──────── DATA SHOWN ────────

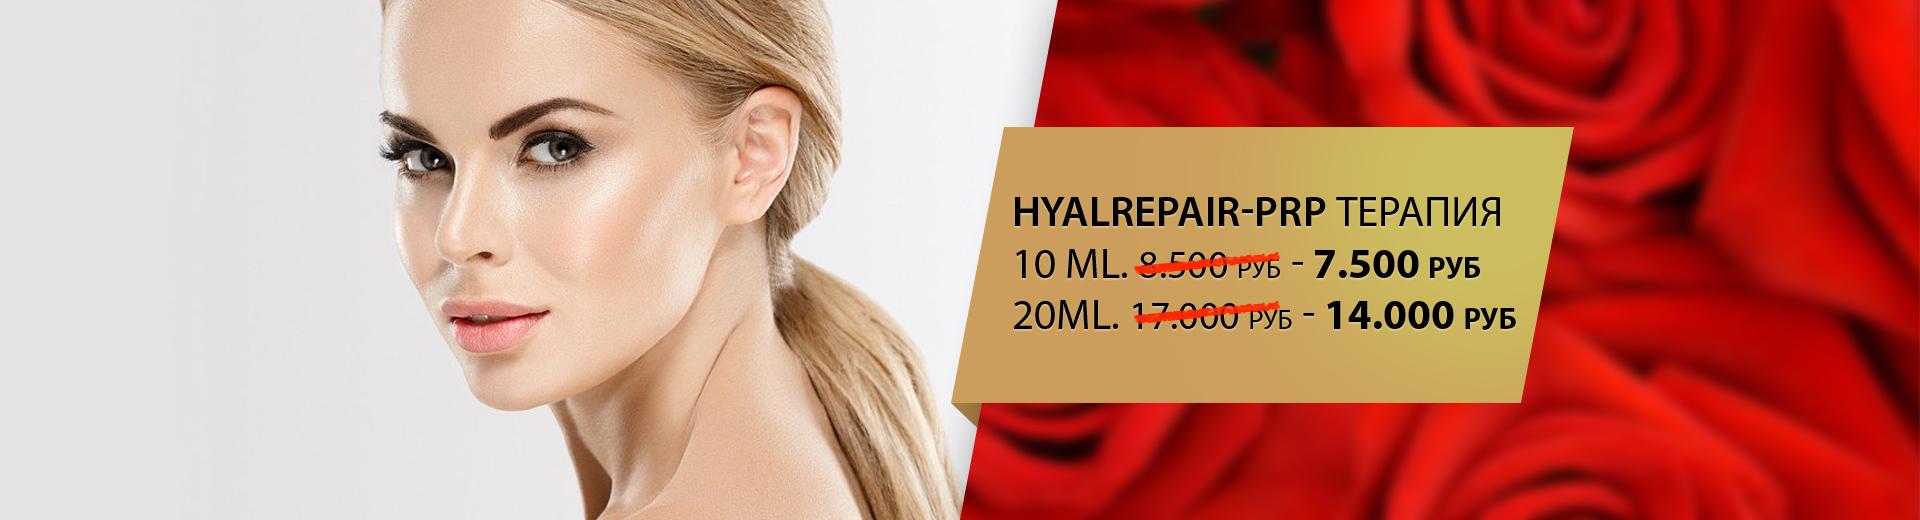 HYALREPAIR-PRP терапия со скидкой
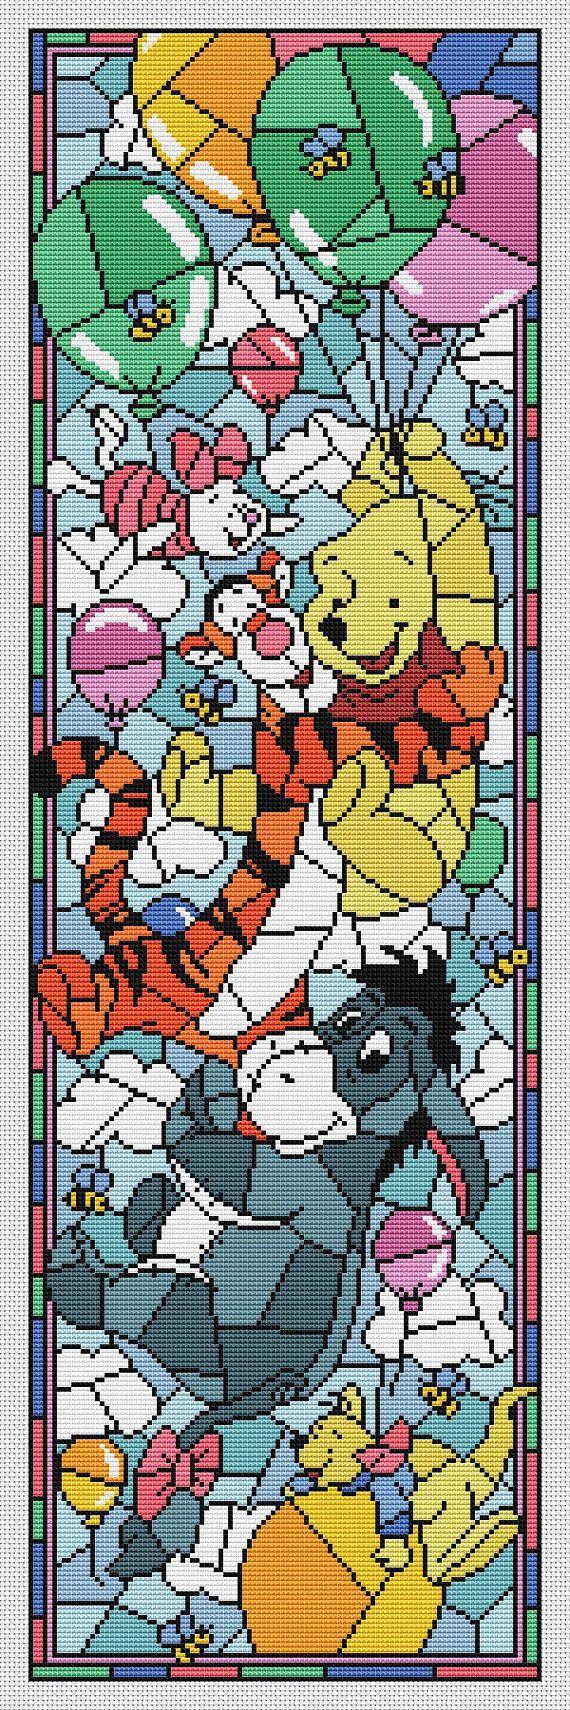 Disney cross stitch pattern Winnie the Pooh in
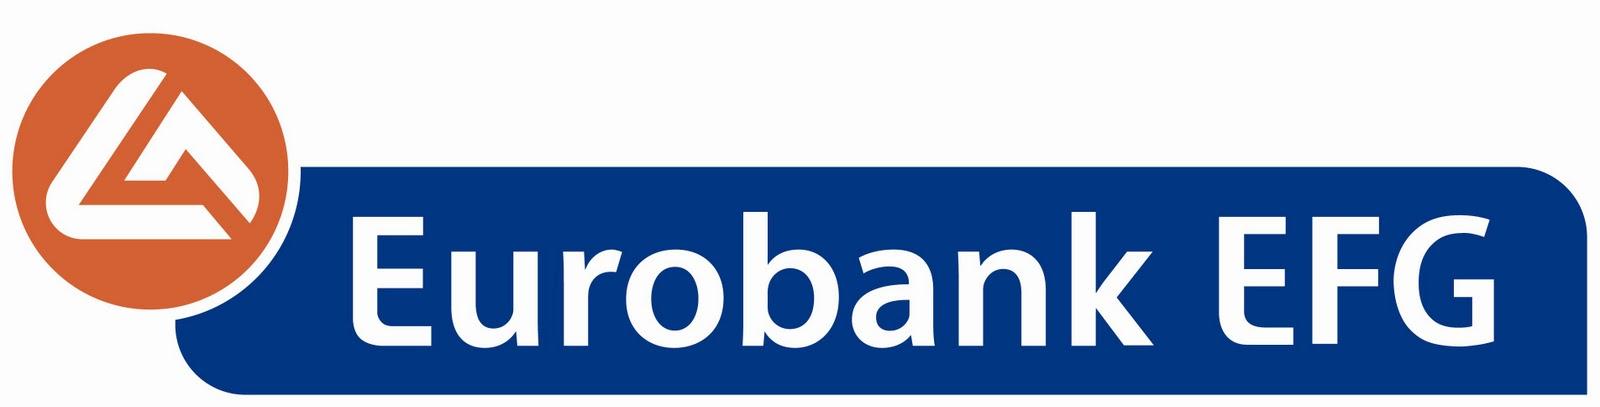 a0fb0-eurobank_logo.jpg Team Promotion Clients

────────

- [TASK TO COMPLETE]
The answer must be the whole listing, word for word, with no pictures in it. Please write it out.

- [COMPLETED EXERCISE]
 HYALREPAIR-PRP терапия со скидкой
 Disney cross stitch pattern Winnie the Pooh in
 a0fb0-eurobank_logo.jpg Team Promotion Clients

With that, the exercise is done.